Withers, a former college lecturer who has been teaching the girls since last November, says they are attentive pupils, despite the excitements of their pop star existence. “What surprises me is that they seem to have the ability to switch off everything else and concentrate on their lessons as a self-contained activity,” he says.

The plan is for the older girls to take GCSE English and mathematics next June. “We share the work between two tutors, but since the beginning of the year they have spent so much time on tour that I have really taken responsibility for the curriculum,” he says.

Lessons are frequently disrupted. “The tuition gets done, but not always in the best way or in an orderly fashion,” Withers admits. “It is built into the schedule and is meant to happen first thing in the morning when they are alert.
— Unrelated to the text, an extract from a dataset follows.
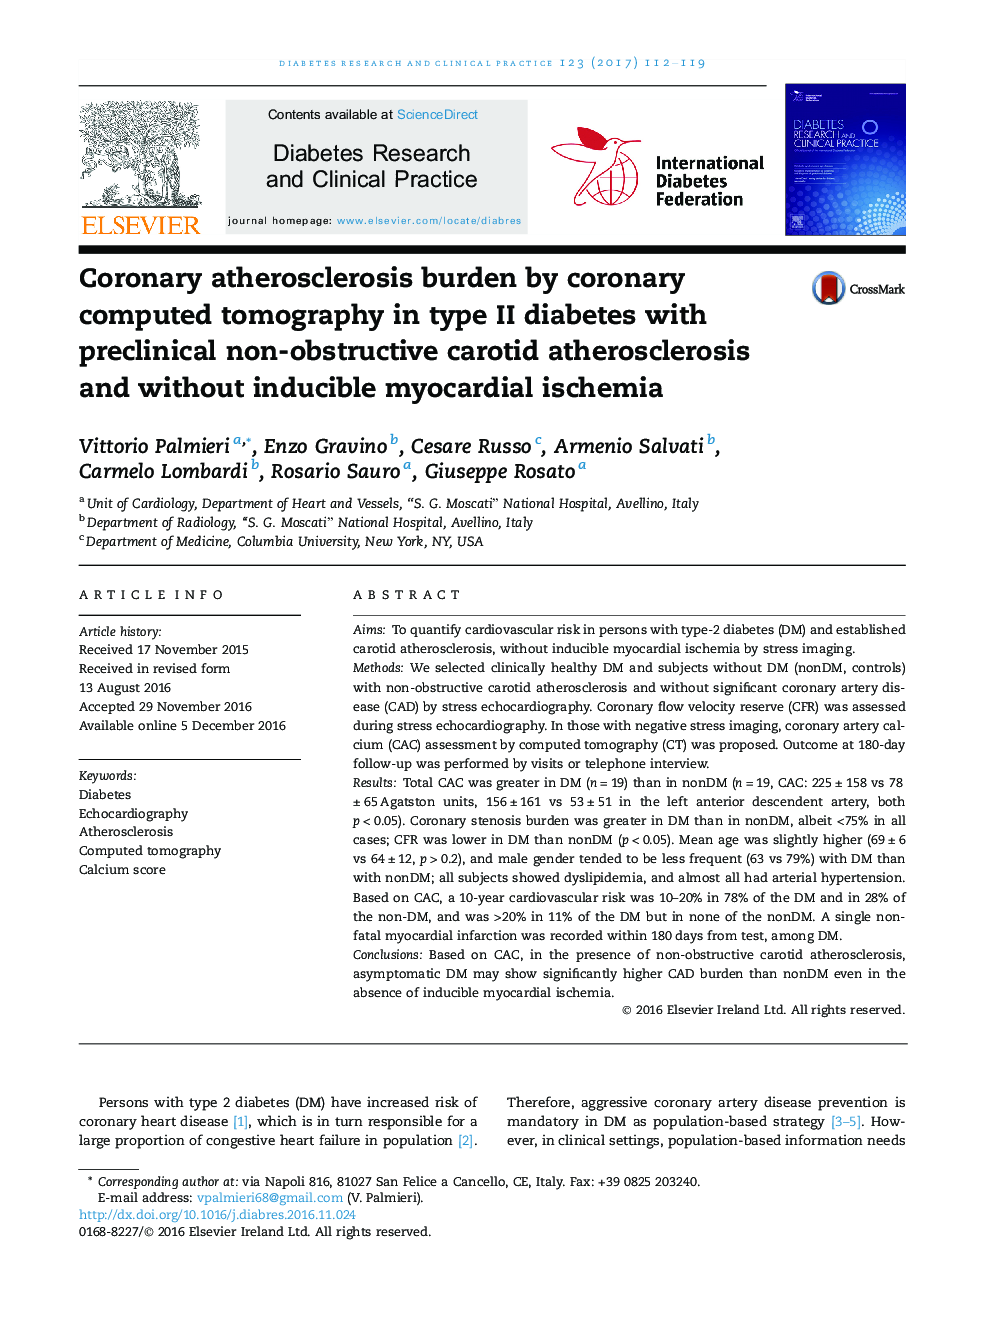 Coronary atherosclerosis burden by coronary computed tomography in type II diabetes with preclinical non-obstructive carotid atherosclerosis and without inducible myocardial ischemia

But if there are press interviews or photo-shoots all day, it can be the evening before they get down to their books.”

Lessons can take place on the tour bus, in backstage dressing rooms or in a hotel room in Rome or Los Angeles. “That might sound exotic, but it is exactly the same curriculum they would be doing in a classroom in Manchester, and I’m doing the same job,” Withers says. “They know the importance of what they are doing and they never complain about it.”

Christine Higgins confesses to some worries about her daughters’ lifestyle. “Rock ‘n’ roll often goes with drink and drugs, but they are quite balanced and they haven’t got any airs and graces,” she says.

“If they remember what they have been taught and keep their feet on the ground, they will be all right.”